Saint Louis College of San Fernando  also referred to by its acronym SLC is a private Catholic coeducational basic and higher education institution run by the Congregation of the Immaculate Heart of Mary in the City of San Fernando, La Union, Philippines. It was founded in 1964 by the CICM missionaries.

There are also sister schools of SLC, like Saint Louis University (SLU) in Baguio, University of Saint Louis Tuguegarao (USL) in Tuguegarao, Saint Louis College of Cebu in Mandaue, Saint Mary's University (Philippines) in Bayombong, Nueva Vizcaya, and Maryhill School of Theology in Quezon City.

History
Saint Louis College of San Fernando, La Union, traces its roots from its humble beginnings in 1948 when Msgr. Anselmo Lazo, the parish priest then of San Fernando, La Union, founded Father Burgos College, which occupied the building just south of Saint William's Cathedral.

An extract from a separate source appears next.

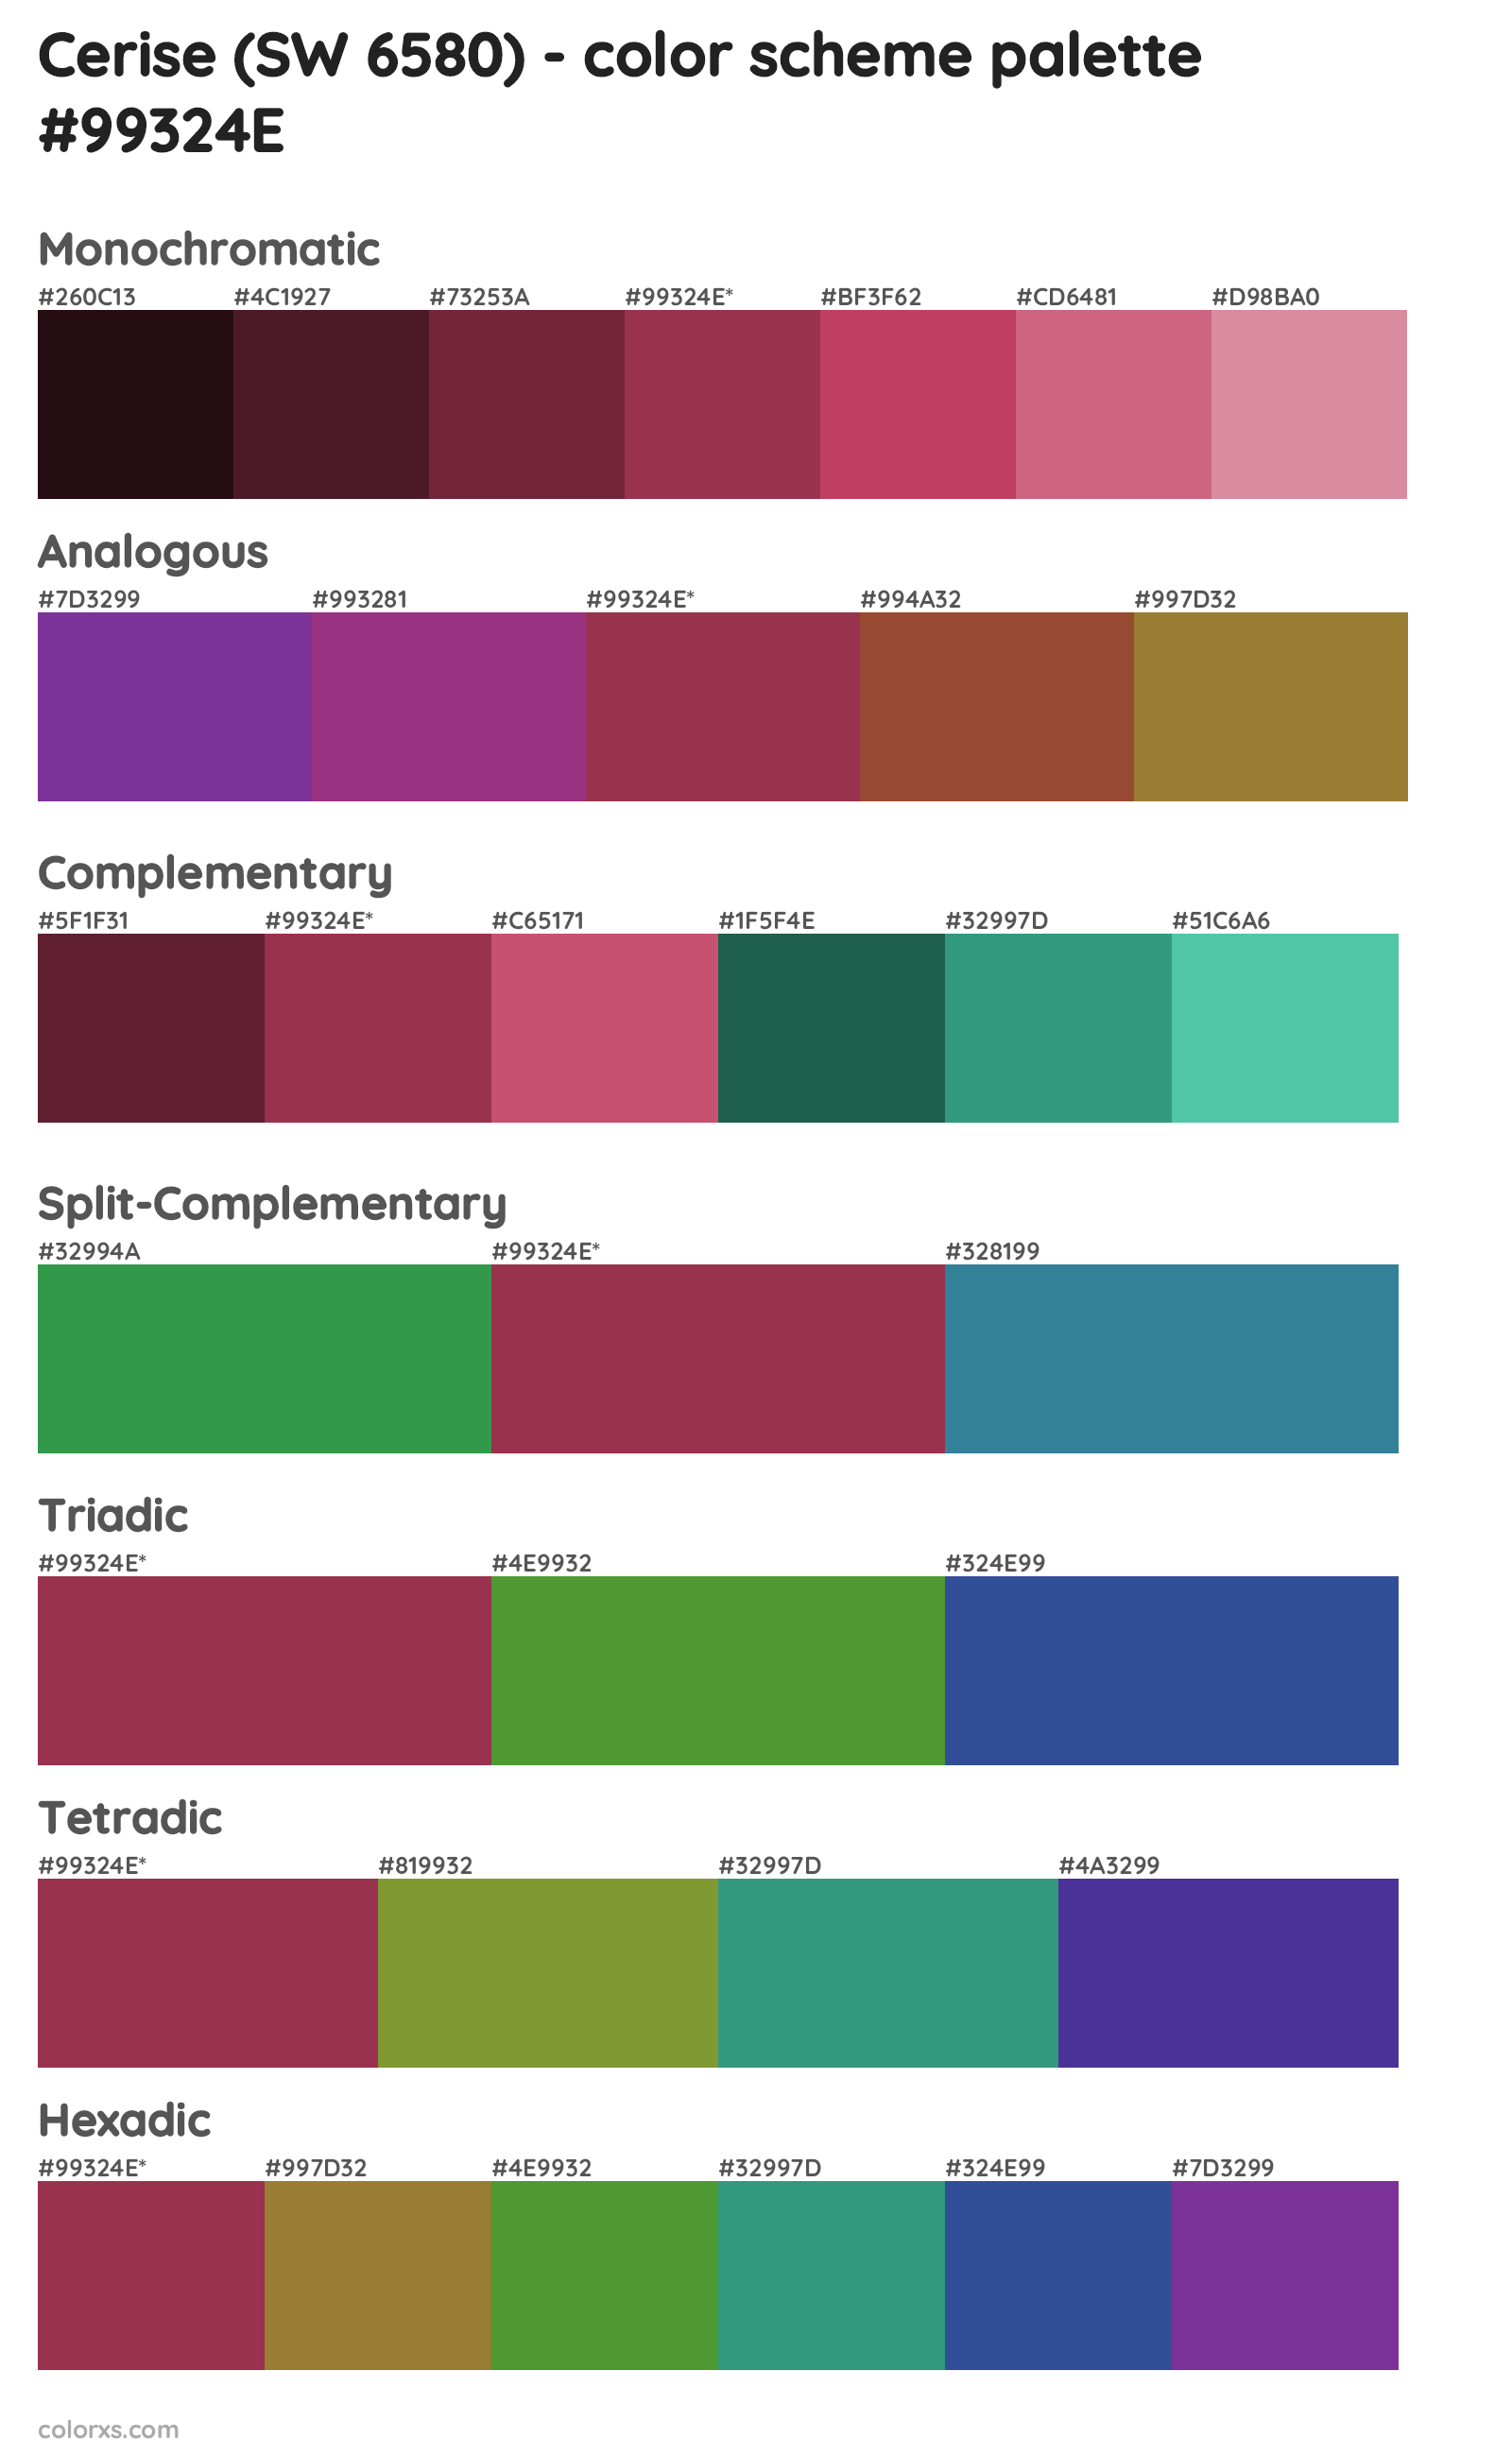 Cerise (SW 6580) Color Scheme Palettes

On the first year of operation as Fr. Burgos College, the High School Department accepted only first year and second year male enrollees. The College department on the other hand initially offered only four courses: four-year Education Course, two-year courses on Liberal arts and Commerce, and one-year Secretarial course.

In 1964, the Diocese of San Fernando turned over the ownership and management of Fr. Burgos College to the Congregation of the Immaculate Heart of Mary (CICM). Father Alfred Spincemaille, CICM was appointed as the first Rector.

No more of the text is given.